Older GPUs still reign supreme among PC players as prices are high still
By Daniel Davis
The annual Steam Survey just released it’s yearly numbers and it finds that gamers are still holding strong on the 10 series and the 16 series of GPU’s.
The 1650 reigns supreme as it makes up about 5% of the overall player base giving notion to the inflated market of GPU pricing right now. In second place is the RTX 3060 followed by the 1060 and then the 2060 with the 3060 Laptop in there as well.
This brings into question how the GPU market is doing as far as sales go. The new 40 series offers only marginal performance upgrades from the 30 series for a much higher price tag. The only time it makes sense up upgrade is if you are jumping from a mid-tier 10 or 16 series to a 40 series for the price. However, $1,500+ for a GPU is ridiculous.
This all being said console players are here for it. For years console players have heard PC gamers and their obnoxious boasting about graphics and the minimal additions to the games. Meanwhile, console players haven’t had any issues largely. Even when PC gamers were complaining about frame rate issues with Jedi: Survivor, console players had no issues.
Why aren’t gamers upgrading to the 40 series yet?
There are two reasons why gamers aren’t upgrading right now. One is cost, and the other is practicality. My PC is an older PC that I upgraded in 2016 to a GTX 980 and a Ryzen 5 2600x with a b450 mother board and DDR4 16GB of RAM. Even with this, I can run Elden Ring at 1080p and 30 frames a second on medium graphics just fine. I’ve also has no problem playing Battlefield 2042, Assassins Creed: Odyssey, and Horizon: Zero Dawn as well as The Masterchief Collection. In fact I’ve been flirting with finally upgrading my GPU as I’d like to get up to the 80-100FPS area. Even then, I can find a 3060 on Facebook Marketplace for less than $200 and I can find a 2070 for $150.
Not to mention the main issue with PC gaming is the lack of support developers give to the PC ports of games. The Last of Us is a perfect example of developers ignoring the PC gamers in favor of just using DLSS or FRS artificial resolution to make up the failures they have during development. What’s also true is the amount of power and resolution you can get out of computer hardware is nearing the limits of known technology. So developers have two choices to make. They can develop games for the mass of people that use mid-tier cards or they can rely on FSR and DLSS to upres their games. Developers have chosen the later.
Are GPU manufacturers encouraging developers to release poorly optimized games?

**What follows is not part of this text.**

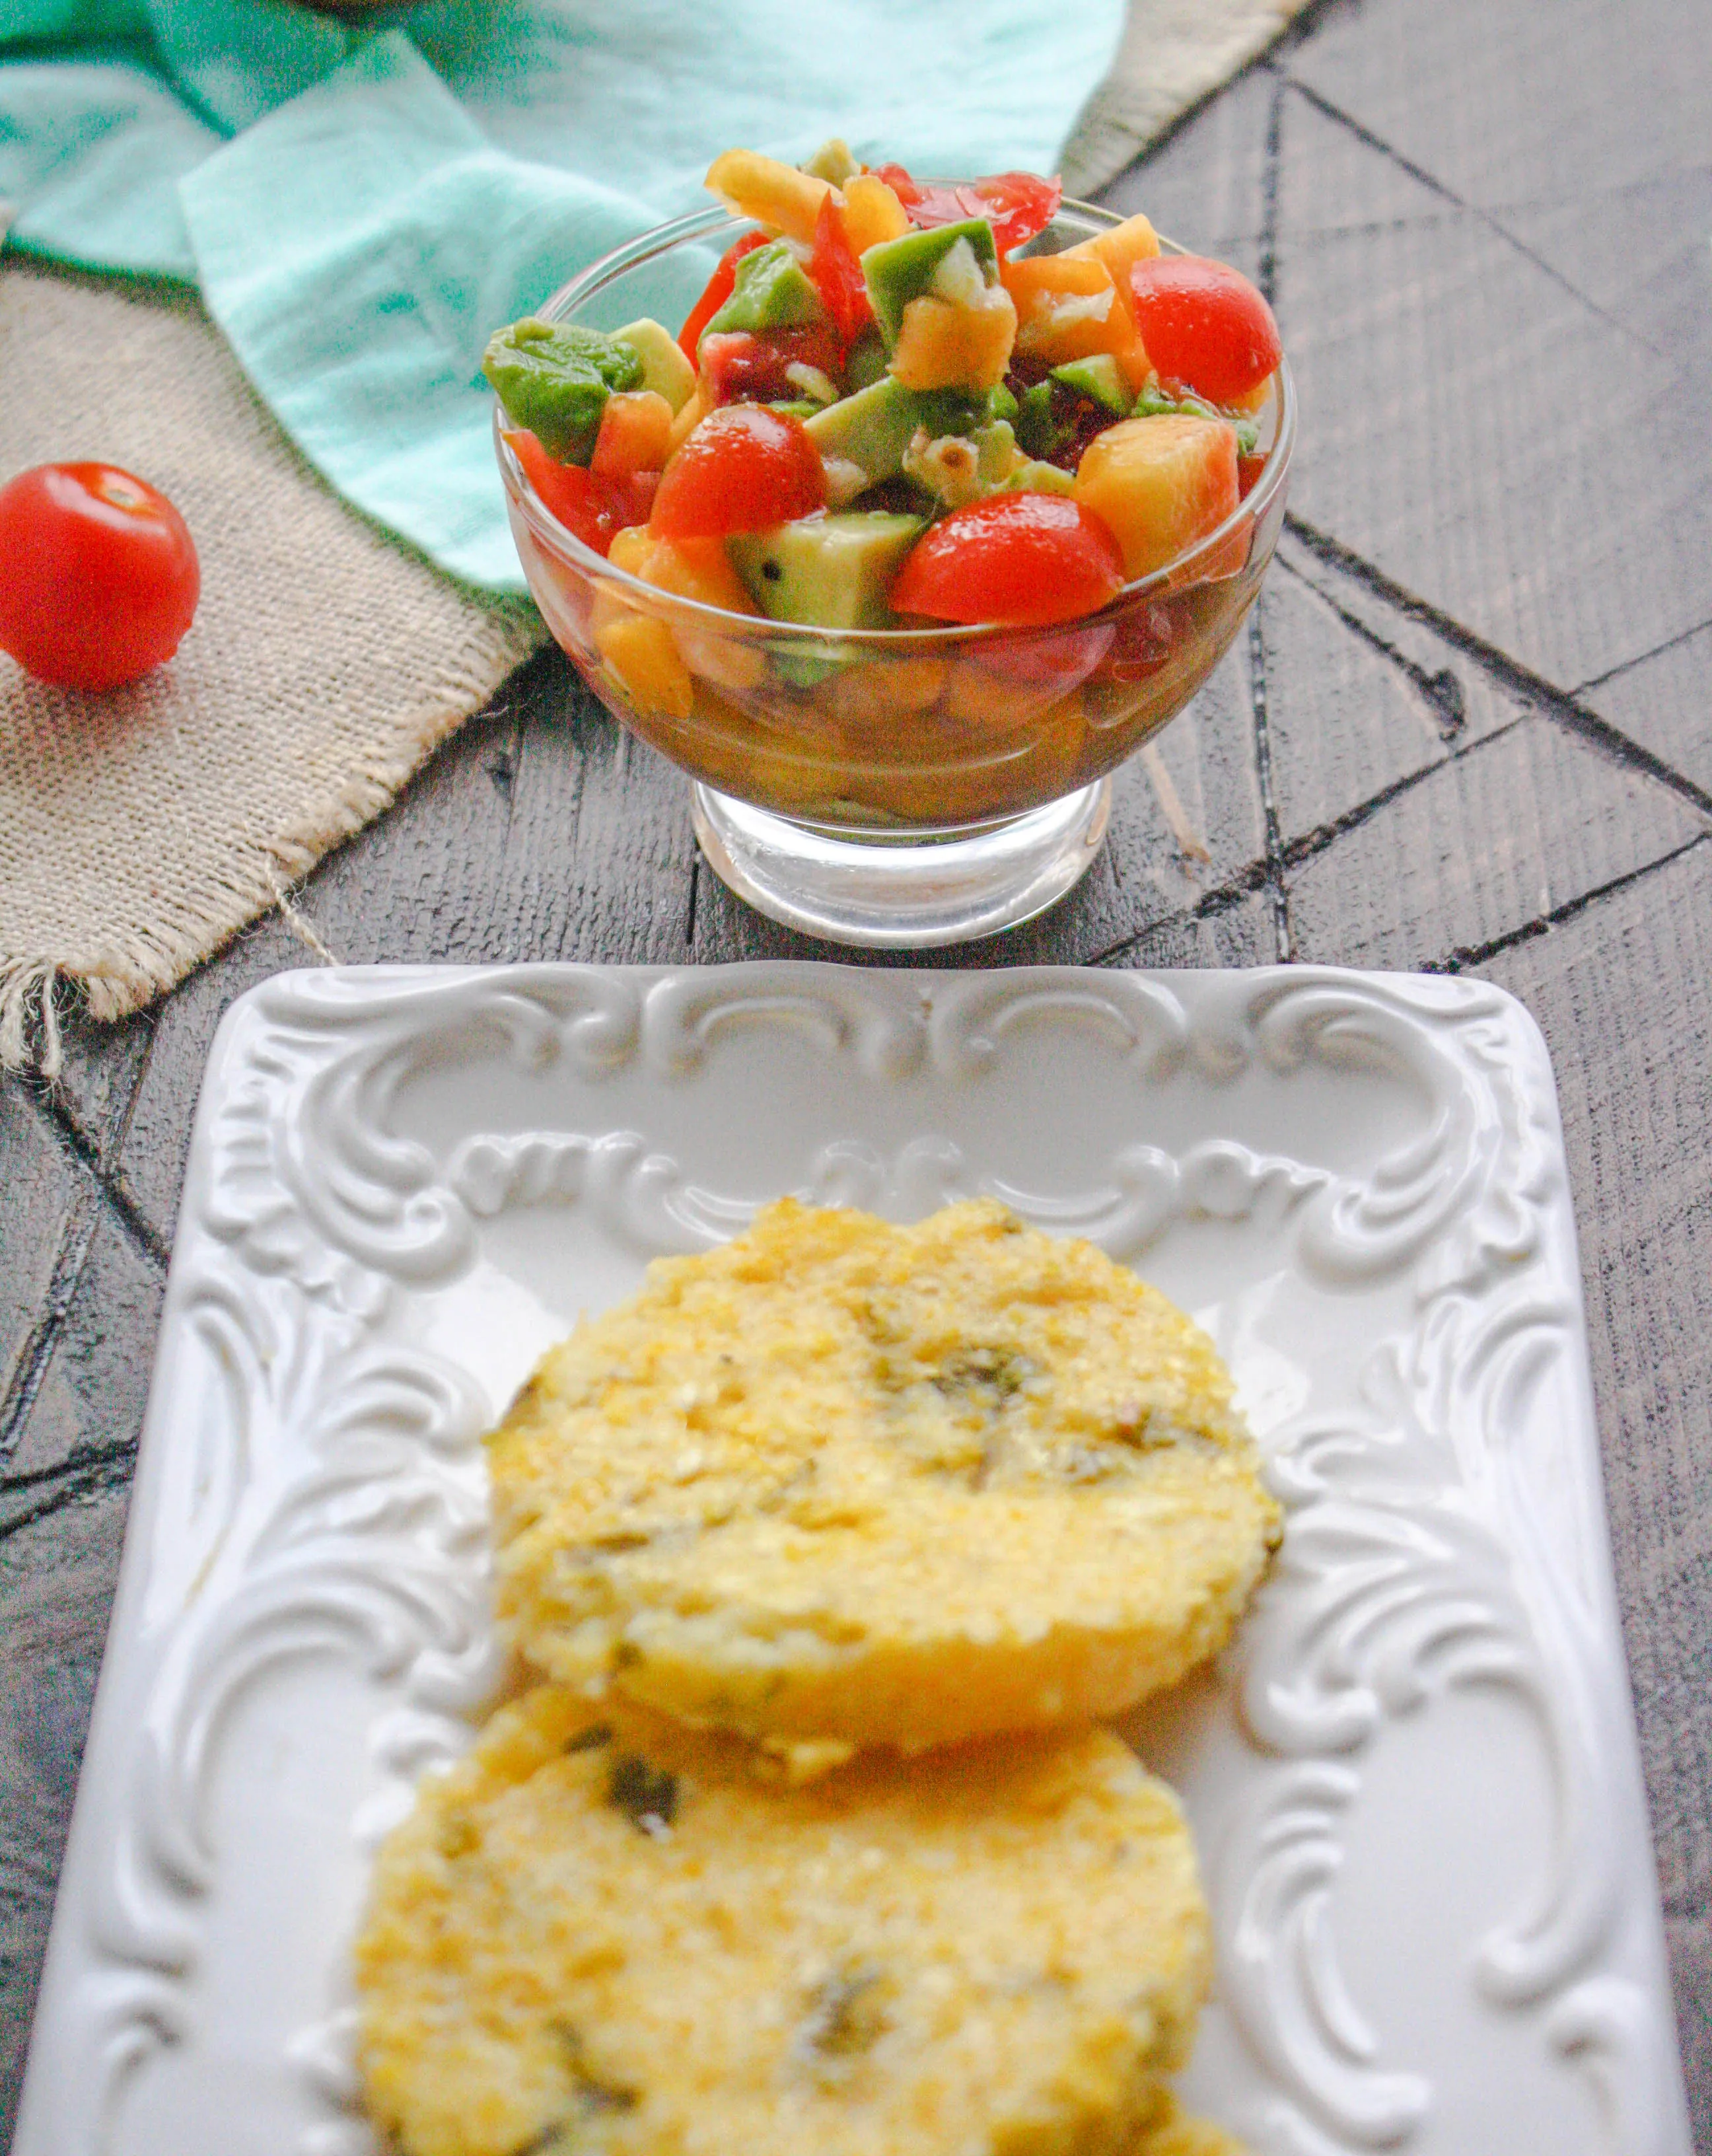 Hatch Chile Grits Cakes with Peach-Citrus Salsa includes amazing ingredients! Whip up these Hatch Chile Grits Cakes with Peach-Citrus Salsa for your next gathering.
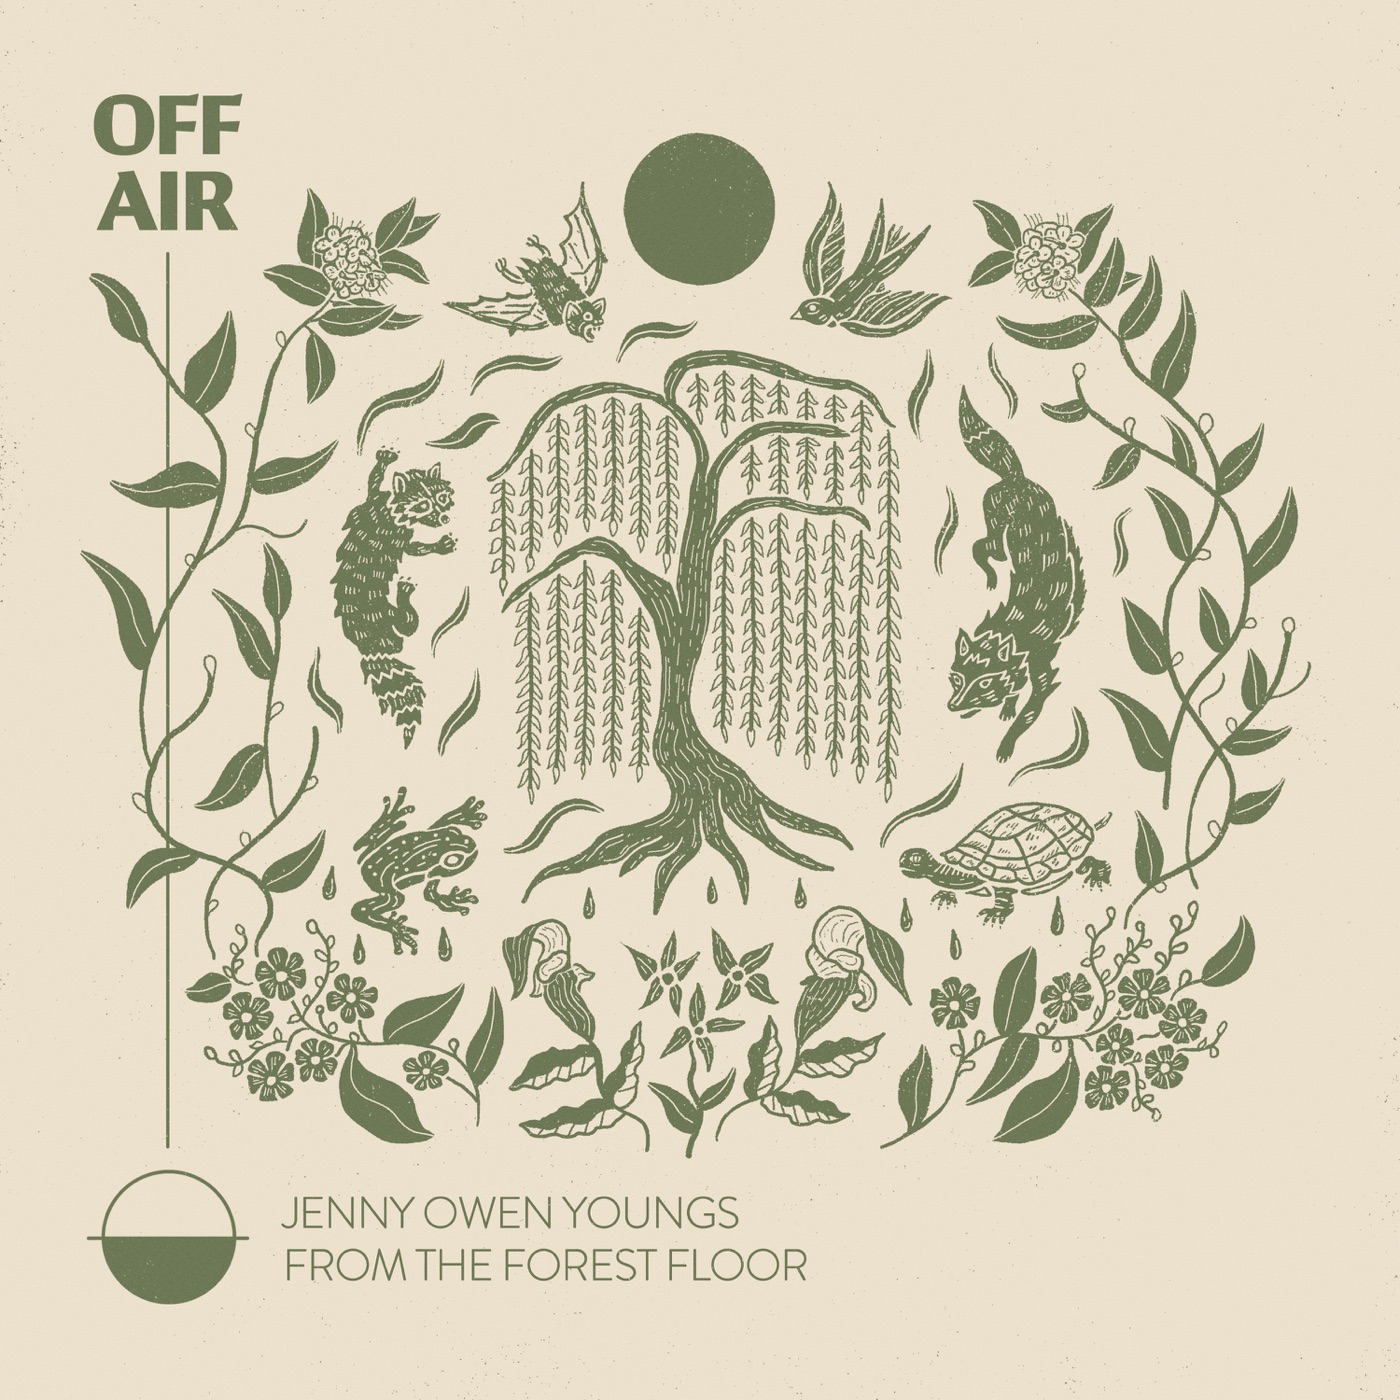 OFFAIR: from the forest floor by Jenny Owen Youngs, John Mark Nelson, OFFAIR

They’ve relied on GPU software to make up their failings as developers instead of just making a game that can run well on all hardware. This being said, I’m not a programmer or a developer so I’m not privy to the behind the scene stuff. But what I can say is I’m noticing a trend going all the way back to Assassins Creed: Unity with all the technical issues and even more recently the Battlefield Series which had many issues upon launch and The Last of Us which needed many updates to run smoothly, even on higher end hardware.
Gamers aren’t hard to please, at least the majority of us. All we want is our $70 not to be wasted and have to wait for patches before playing a game smoothly. Jedi: Survivor launched with a 45GB day one patch which is as close to unacceptable as you can get. I built my PC as the Xbox One was being phased in after the decade long dominance of the Xbox 360. When Microsoft announced I could no longer play my vast library of games on my XBO, I was done with console gaming.
As it stands, gamers are perfectly fine waiting around until the prices come down, including me.